Love of the Game

Krannert website wizard Kris Knotts plays to win

Kris Knotts likes to play games. No, not the kind you read about in some Mars/Venus relationship book, but actual, physical board games (or their digital equivalents).

Kris Knotts

Kris Knotts applied his gaming skills in thinking and strategy to his studies in the Weekend MBA program. (Photo by Mark Simons)

“I probably have over 150 board games,” he says. “Trying to choose a favorite is difficult.”

And these aren’t the Monopoly or Chutes and Ladders variety, either. Knotts loves games that involve strategy and team building, where he can use his skills — not the luck of the dice — to gain advantage.

So what does playing games have to do with Knotts’ job as Krannert’s web development and marketing analytics director? As it turns out, plenty.

Knotts sees gamification — the concept of using game thinking and strategy in nongame contexts — as integral to creative and effective people management and problem solving at his job.

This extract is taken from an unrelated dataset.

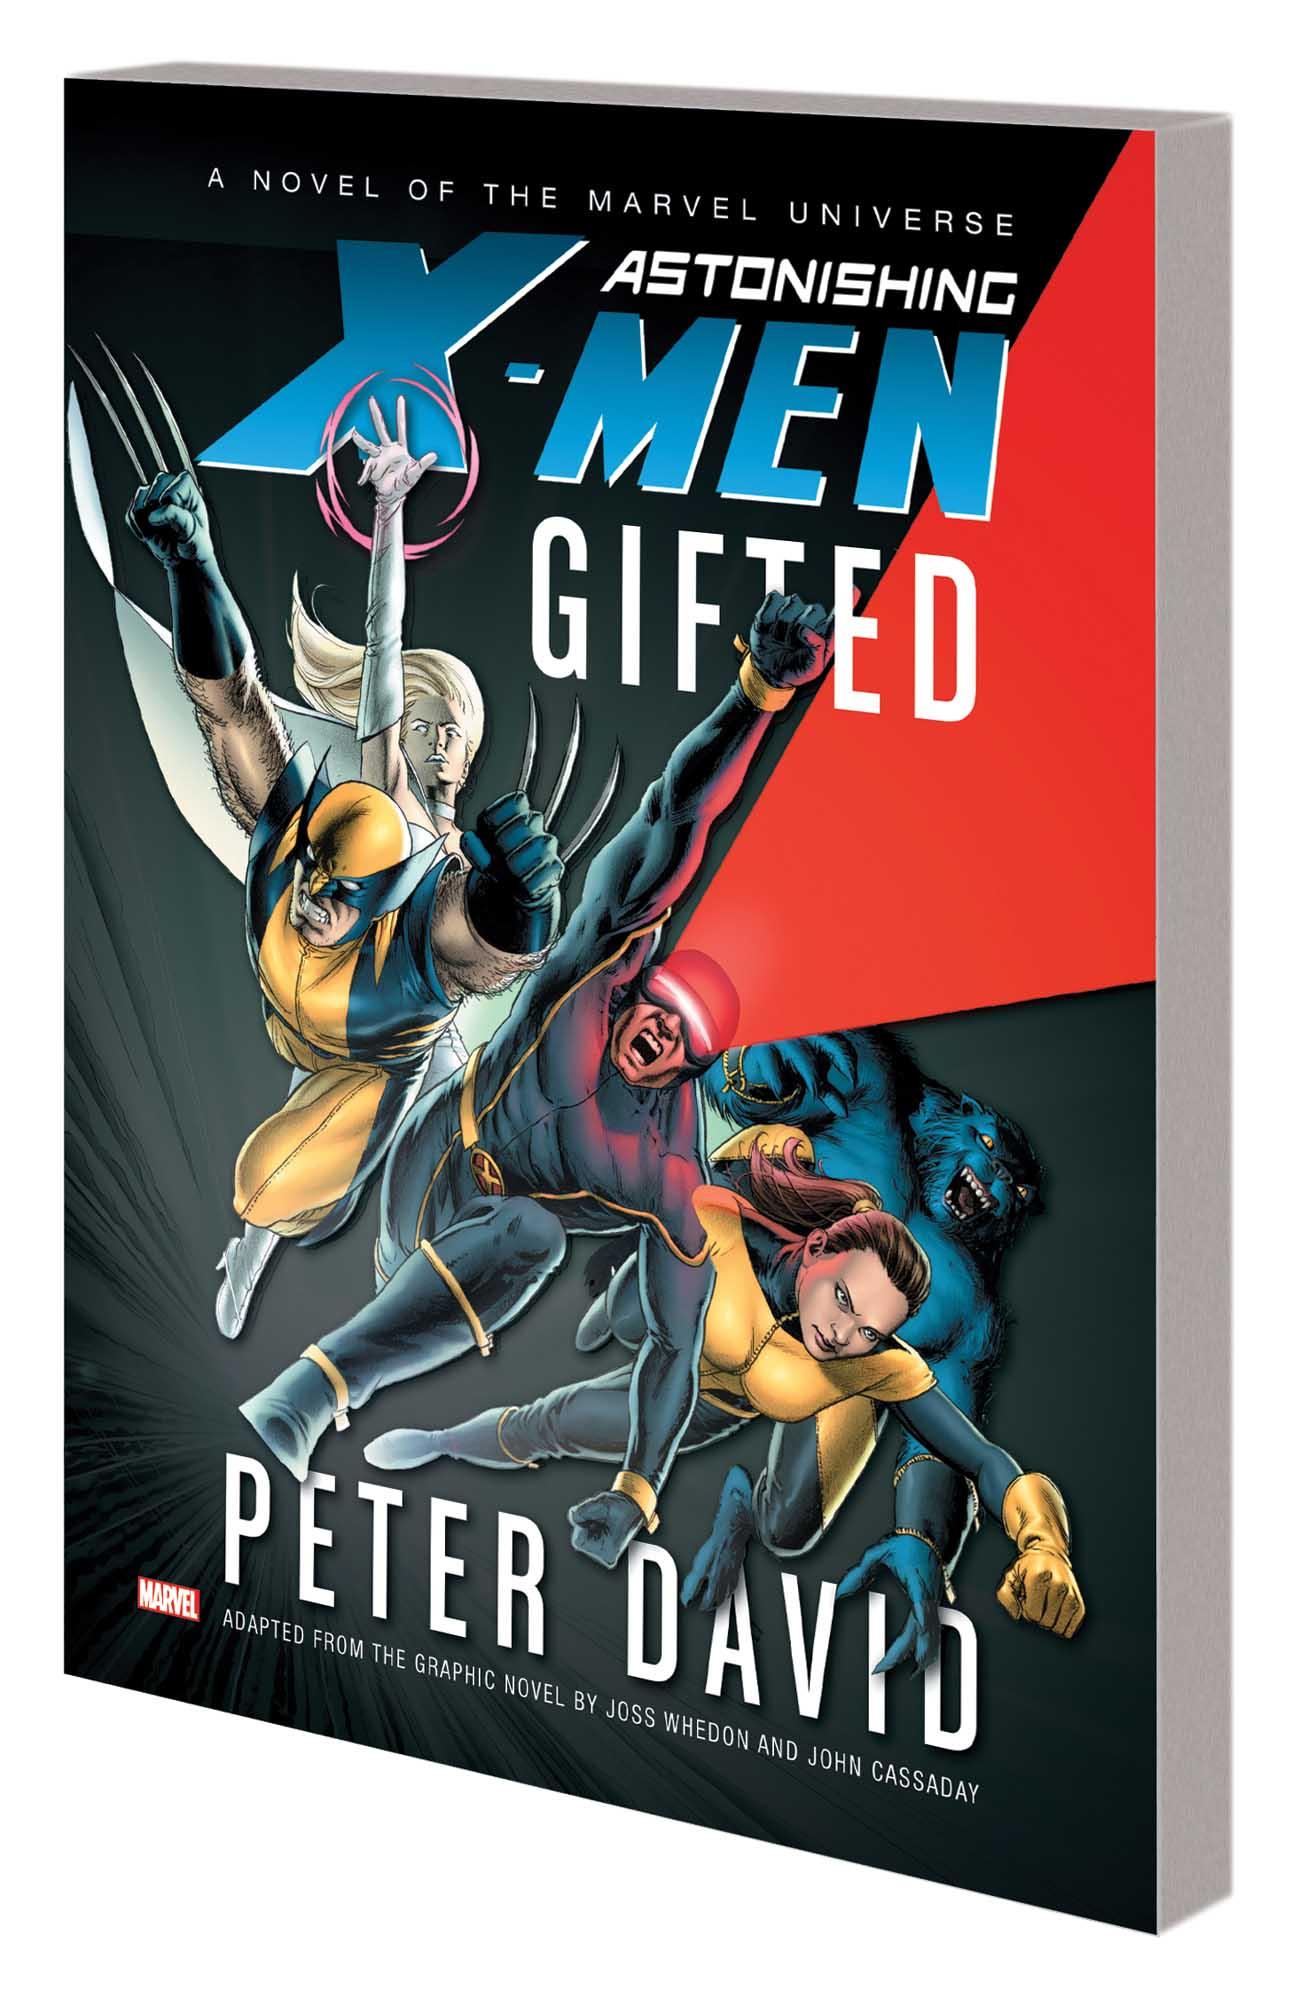 ASTONISHING X-MEN: GIFTED PROSE NOVEL MASS MARKET PAPERBACK (Trade Paperback)

“I had an elective class on gamification in my Weekend MBA program, and that idea of taking games into the boardroom is perfect for me,” he says. “I was able to take that concept and apply it immediately. I love the idea of having fun while solving problems.”

And Knotts has had to solve a lot of challenges in his tenure at Purdue. He started out as a web and technical specialist in Purdue Marketing Communications, then moved over to Krannert in 2007. Knotts currently leads a team of three on the web team at Krannert. That includes a writer and a graphic/video specialist.

Knotts is the site’s chief programmer and oversees Krannert’s website strategy and presence, which has only grown in importance over the years Knotts has been on the job.

“When I started, we came to the realization that the website is doing as much or more than all of the written material we produce,” he says. “When it comes to recruiting students, many times the website is our first touch point.”

His mission when he came to Krannert was to improve the website so that the content and design was accurate, fresh, interesting, interactive and relevant, especially to prospective students. Since he’s been on the job, the site has undergone about a half-dozen redesigns, and it was one of the first responsive websites at Purdue.

Knotts says constantly reevaluating the school's web presence involves feedback from the Krannert and wider Purdue communities. He has come to the conclusion that a website should be redesigned as many times as needed, even though he admits that “we’ve created a challenge for ourselves.”

As easy as 1, 2 …

Developing and maintaining quality websites can be a struggle to a lot of departments and organizations — both inside and outside Purdue — but Knotts says the fine details and bells and whistles are much less important than two main necessities.

“First, you shouldn’t really think of it as a website. Everything is based on good content,” he says. “Second, get involved with your web community. Purdue has user groups for content, and I lead a user group on Cascade (a content management system). Get involved so you have a network of people in the same boat as you. This is especially important for people in charge of websites that don’t have technical expertise in content or websites.”

Knotts is considered one of Purdue’s foremost experts on creating responsive website designs and in ensuring that websites are accessible for those with vision or hearing impairments. He is a member of Purdue’s Web Accessibility Committee and a 2011 recipient of the Focus Award, given to those at Purdue who make outstanding contributions to furthering the University's commitment to disability accessibility and diversity.